In June, announced the appointment of Jamie Freedman, M.D., Ph.D., as Chief Medical Officer
In July, announced the Investigational New Drug (IND) application for ‘2510 was cleared by the U.S. FDA
In July, ImmuneOnco, Instil’s collaborator, announced preliminary safety and efficacy data from the Phase 2 open-label, multicenter study of ‘2510 in combination with chemotherapy for front-line patients with advanced non-small cell lung cancer (NSCLC) conducted in China by ImmuneOnco
In August, ImmuneOnco announced that an abstract has been accepted for poster presentation at IASLC’s 2025 World Conference on Lung Cancer (September 6th-9th, 2025), which will provide updated results from additional patients with relapsed/refractory squamous-NSCLC treated with ‘2510 as monotherapy
Second Quarter 2025 Financial and Operating Results:

As of June 30, 2025, Instil had cash, cash equivalents, restricted cash, marketable securities and long-term investments of $103.6 million, which consisted of $7.7 million in cash and cash equivalents, approximately $0.2 million in restricted cash, $84.1 million in marketable securities, and $11.7 million in long-term investments, compared to $115.1 million in cash, cash equivalents, restricted cash and marketable securities as of December 31, 2024, consisting of $8.8 million in cash and cash equivalents, $1.8 million in restricted cash, and $104.5 million in marketable securities. Instil expects that its cash, cash equivalents, marketable securities and long-term investments as of June 30, 2025 will enable it to fund its operating plan beyond 2026.

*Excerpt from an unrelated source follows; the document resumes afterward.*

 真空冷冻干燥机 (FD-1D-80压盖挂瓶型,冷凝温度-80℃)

In-process research and development expenses were $10.0 million for both the three and six months ended June 30, 2025, compared to nil for both the three and six months ended June 30, 2024.

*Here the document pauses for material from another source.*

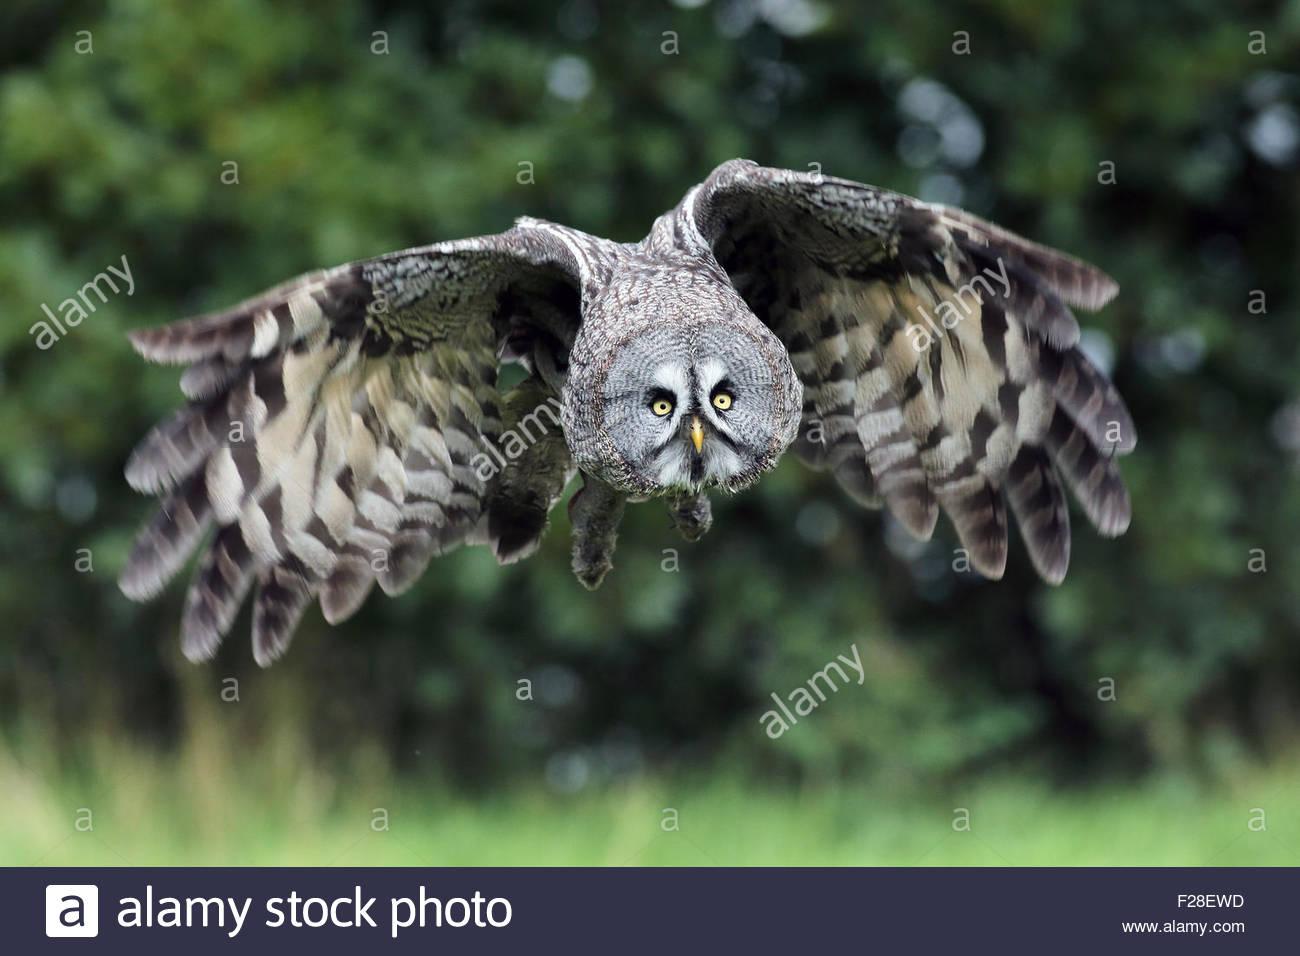 Une chouette lapone en vol au-dessus d'une prairie. Photo Stock

Research and development expenses were $6.7 million and $12.1 million for the three and six months ended June 30, 2025, respectively, compared to $2.9 million and $10.2 million for the three and six months ended June 30, 2024, respectively.

General and administrative expenses were $6.2 million and $15.3 million for the three and six months ended June 30, 2025, respectively, compared to $10.7 million and $23.1 million for the three and six months ended June 30, 2024, respectively.

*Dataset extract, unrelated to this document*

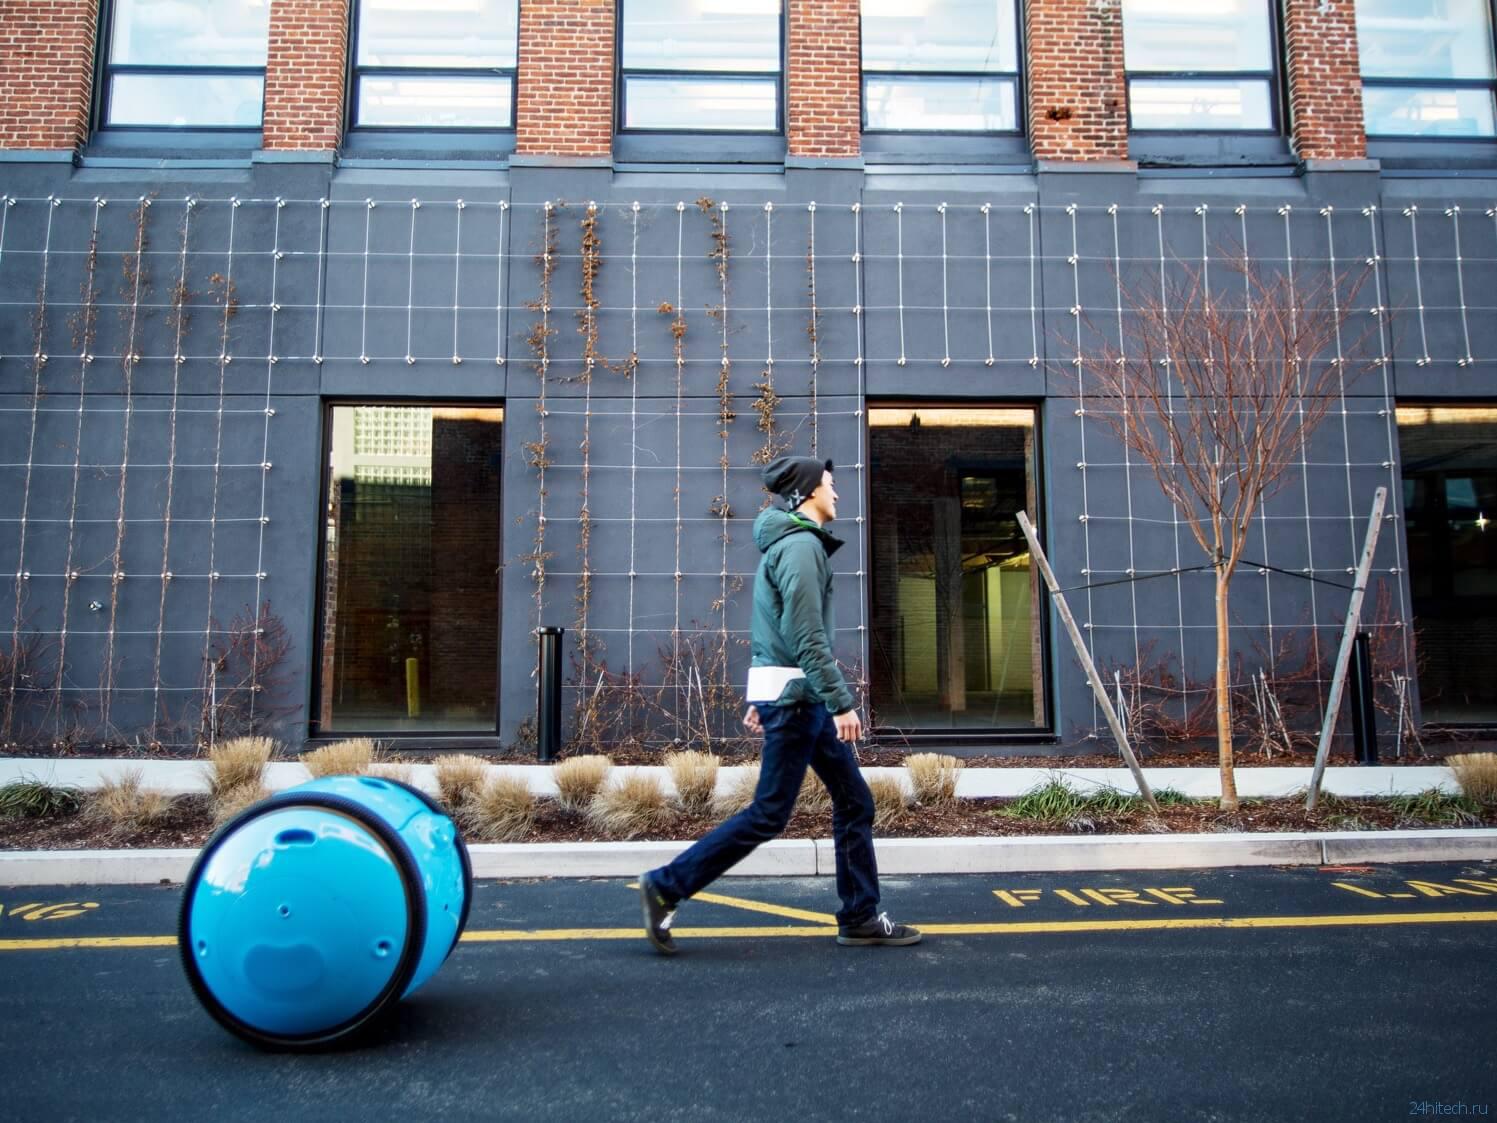 Производитель мотороллеров Vespa показал робот-чемодан

Restructuring and impairment charges were $0.5 million and $16.6 million for the three and six months ended June 30, 2025, respectively, compared to $0.5 million and $4.8 million for three and six months ended June 30, 2024, respectively.

Net loss per share, basic and diluted were $3.24 and $7.55 for the three and six months ended June 30, 2025, respectively, compared to $2.29 and $6.03 for the three and six months ended June 30, 2024, respectively. Non-GAAP net loss per share, basic and diluted, were $2.88 and $4.21 for the three and six months ended June 30, 2025, respectively, compared to $1.57 and $3.95 for the three and six months ended June 30, 2024, respectively.